# Second vizsla yes or no?????



## Sav (Dec 26, 2011)

Looking for some advice.
I have a 1 year old Vizsla dog who is fantastic, and I love him to bits, but I have an urge to get another Vizsla pup as a companion.
I live in a 35 acre country park which is fantastic for delta and there are many dogs that visit, which delta enjoys, and has no issues of aggression at all.
What I am concerned about is, will delta feel put out if I got another V or will he enjoy the company and the regular playmate.
Anyone on here with experience of a second V who could help me make up my mind what is best for Delta?

Many thanks
Sav


----------



## harrigab (Aug 21, 2011)

I got my 2nd (wirehaired) when Ruby was 3.5 years old, I opted for a boy for my 2nd as I was told that female/female doesn't always work. Touch wood Ruby and Elvis became great friends almost immediately. Ruby did give him a correction now and again, but nothing that I would call aggressive.


----------



## Sav (Dec 26, 2011)

Thanks for the reply, if I'm honest, I think I have made my mind up really, but thought I had better ask just incase someone had a valid argument against.


----------



## texasred (Jan 29, 2012)

If Delta enjoys other dogs, then she would probably be happy with a second dog in the house. 
They say vizslas are like patatoe chips. It's hard to have just one.


----------



## Bob Engelhardt (Feb 14, 2012)

There are many members with 2 (or more) V's with few reported problems. And most would recommend getting a 2nd one. They'll be different, of course, but that's part of the appeal.

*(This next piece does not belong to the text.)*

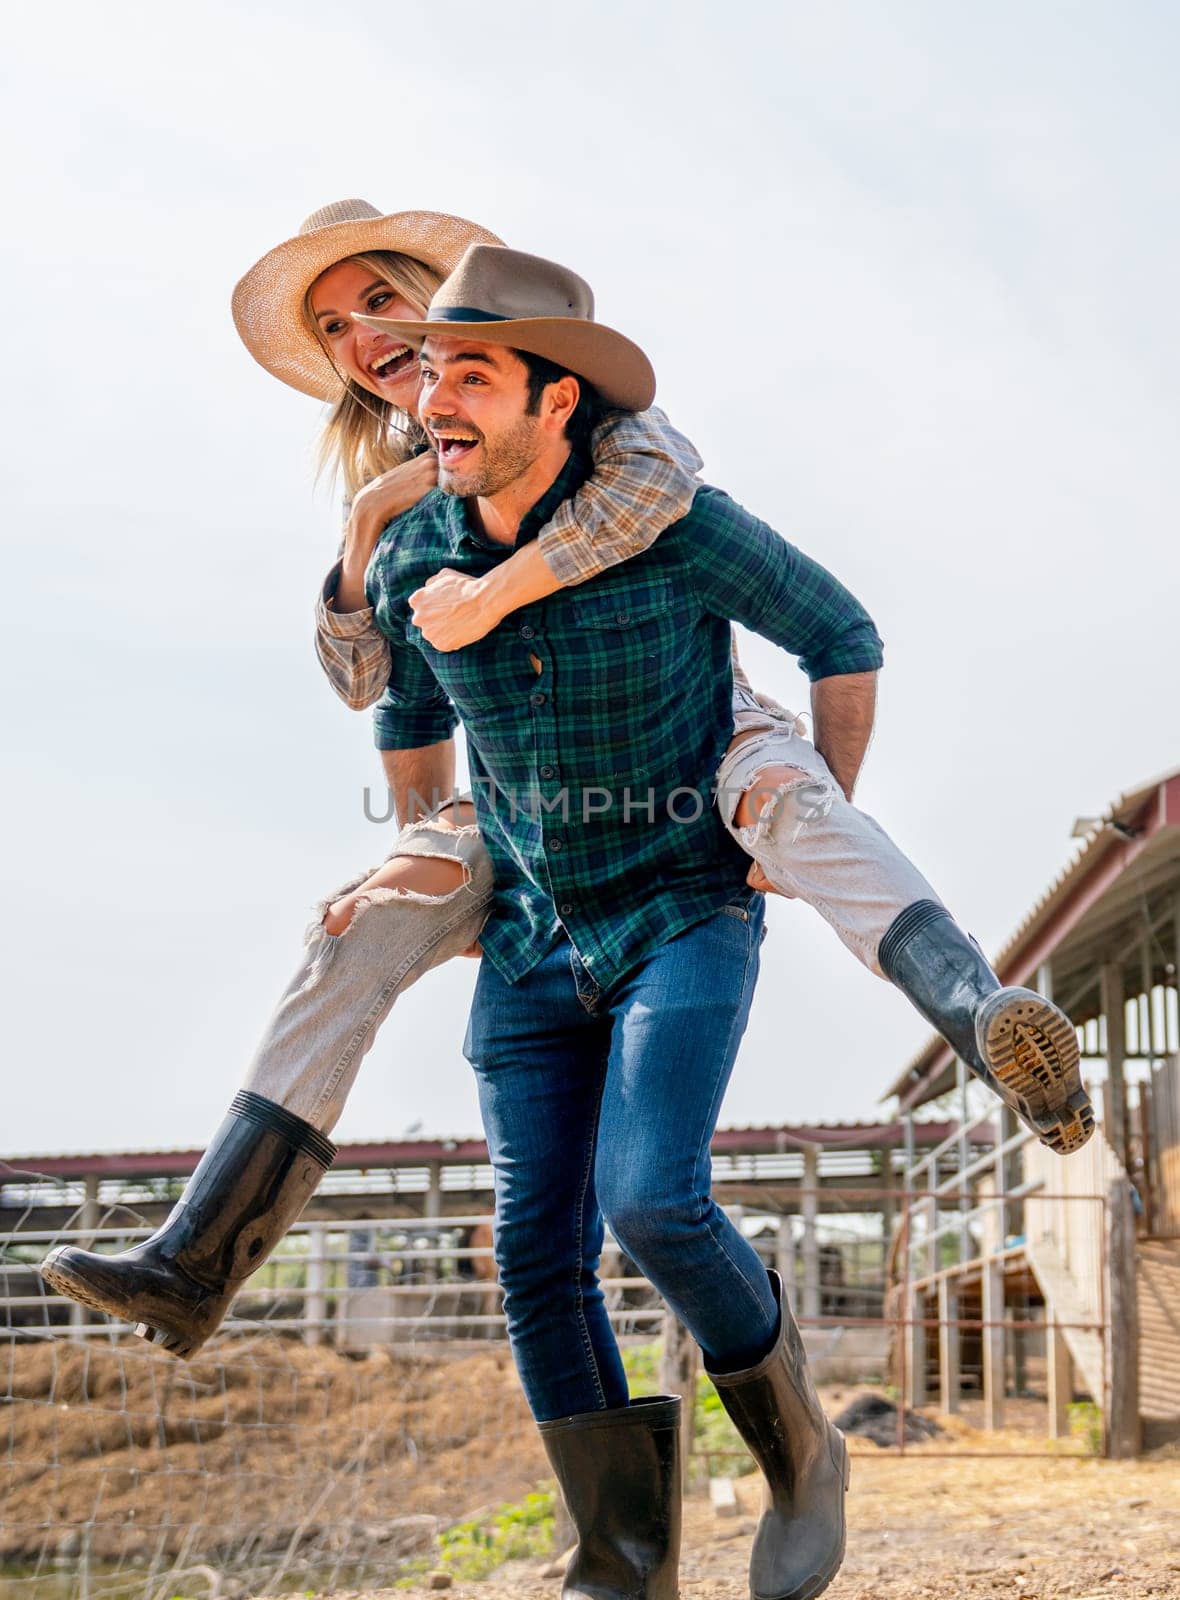 Vertical image of Caucasian man and woman farmer enjoy with woman riding on the back of man and go around the area of their farm with happiness and day light.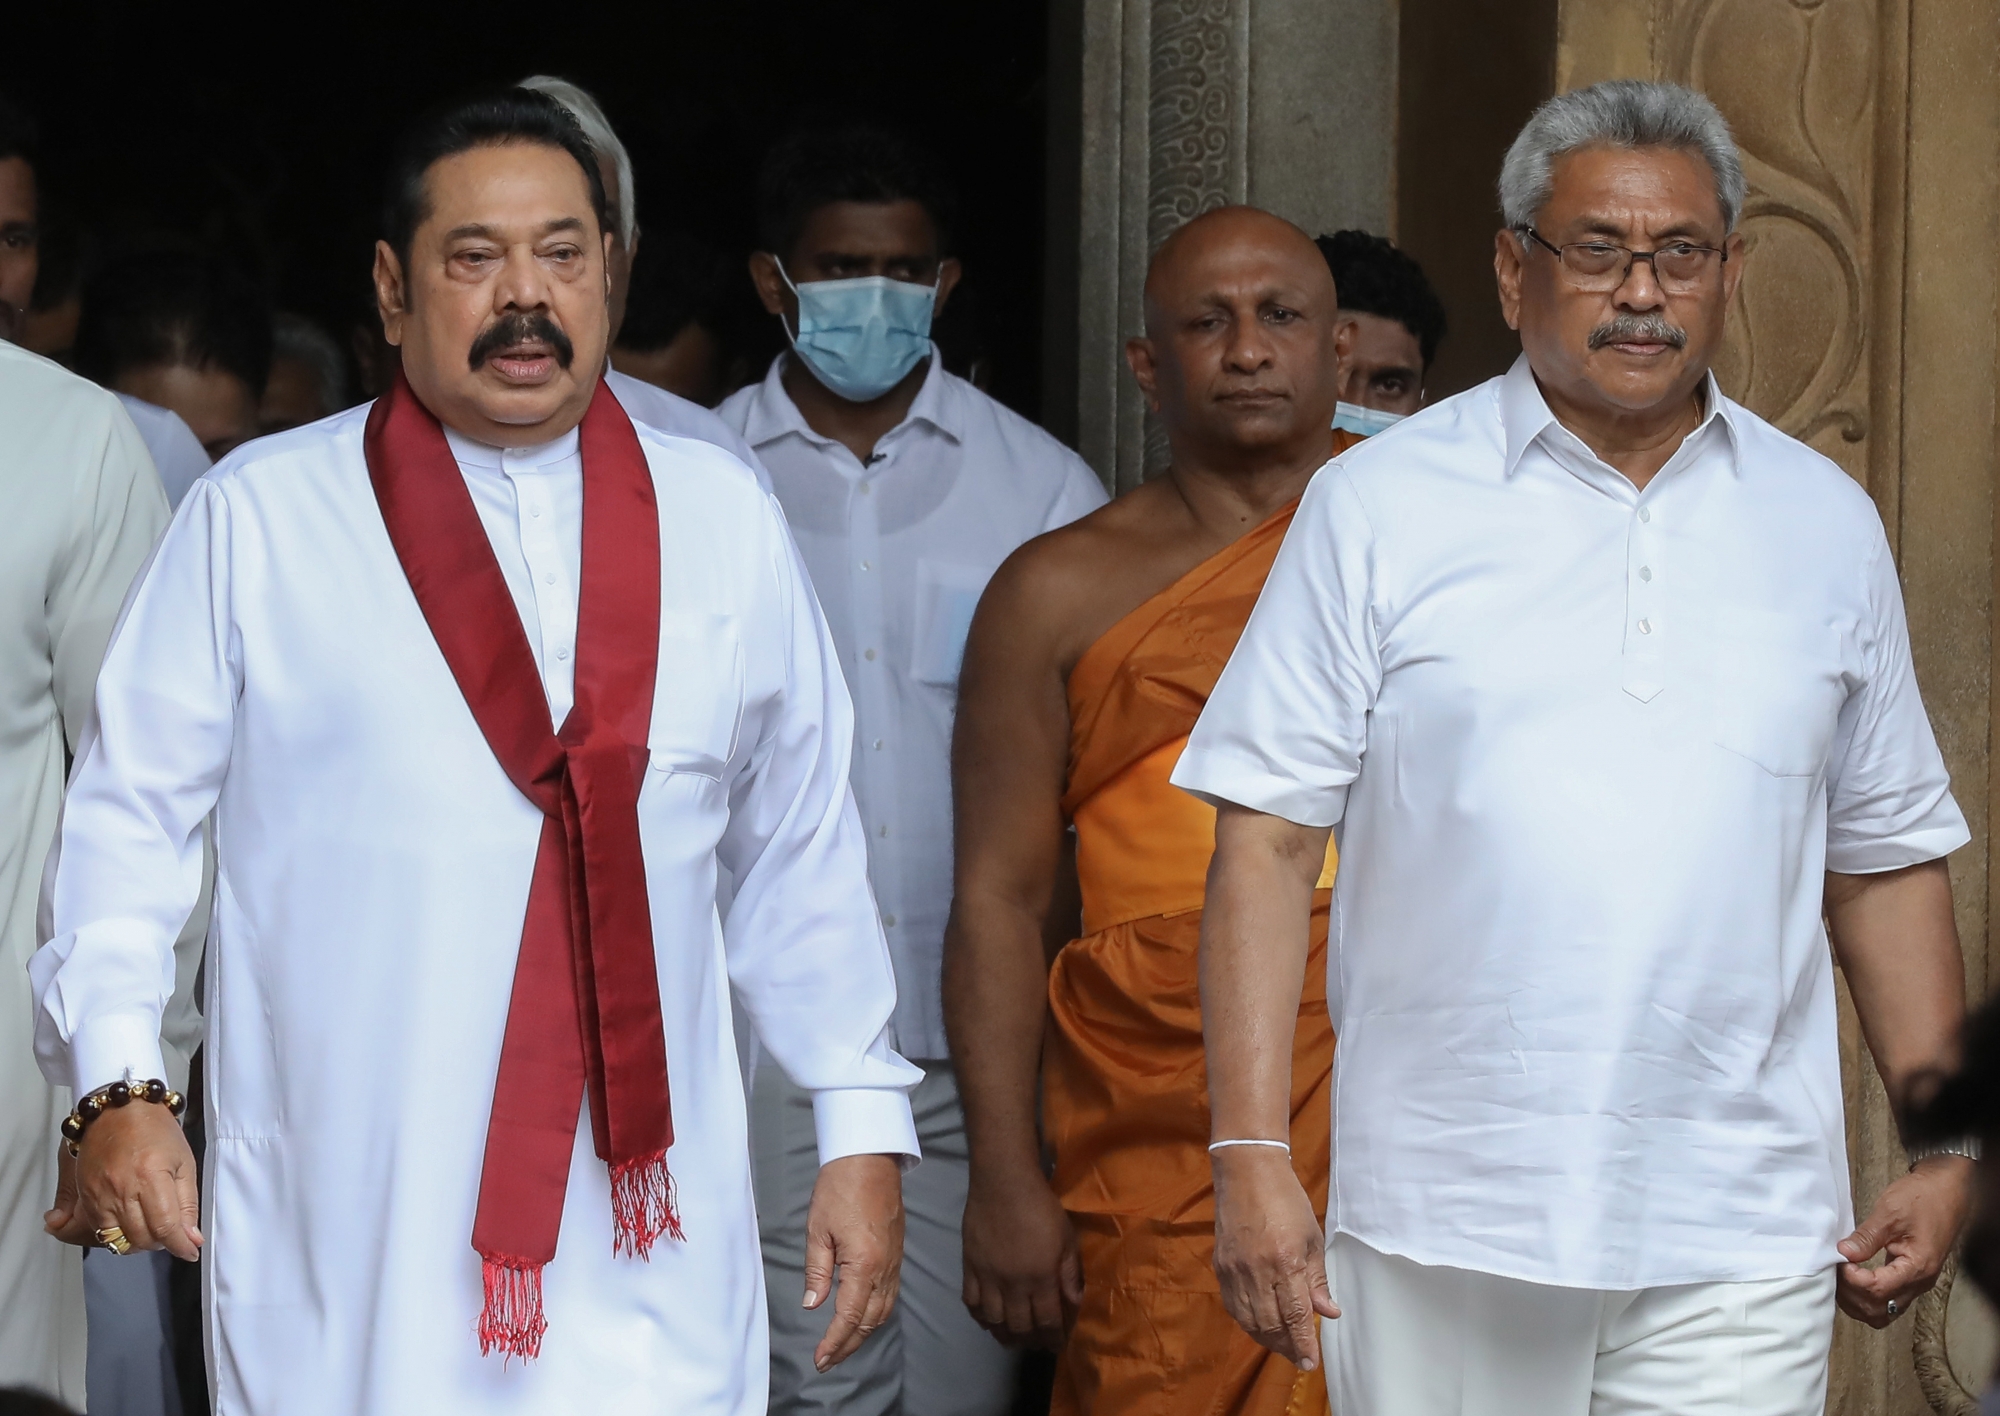 epa08592836 Sri Lanka's newly elected Prime Minister Mahinda Rajapaksa (L), his younger brother Sri Lankan President Gotabaya Rajapaksa (R) leave after the swearing-in ceremony at sacred Kelaniya Buddhist Temple in Colombo, Sri Lanka, 09 August 2020. Mahinda Rajapaksa, the two times executive President of Sri Lanka and three times Prime Minister, was sworn in as the Prime Minister of Sri Lanka for the fourth time. He was elected with a recorded number of preferential votes over 500,000 from Kurunegla district on 05 August parliamentary elections.  EPA/CHAMILA KARUNARATHNE ArcInfo

You might say that there are 2 kinds of V owners: those that have 2 (or more) and those that wish they had 2, or more. 

Bob


----------



## Sav (Dec 26, 2011)

Thank you all for your input. Looks like I'm getting me another pup 🐶


----------



## vdogdad (Apr 15, 2013)

We added our second V (female) when our first (male) was about 2 years old...it was one of the best things to happen for all of us! Roscoe and Myrt get along wonderfully, and while Myrt is much more active than Roscoe, the evening "zoomies" are far more entertaining with two red maniacs in pursuit of each other. I think you will be happy with your decision...best of luck!


----------



## browndogbrownguy (Nov 10, 2015)

It will be raucous for sure. You will suffer from some post 2nd Vizsla insanity. But they will be terrible entertaining, it`ll be like a National Geographic safari in your living room 24*7, you can watch them for hours. They will keep themselves very busy. Also, they can get into bouts of very serious arguments.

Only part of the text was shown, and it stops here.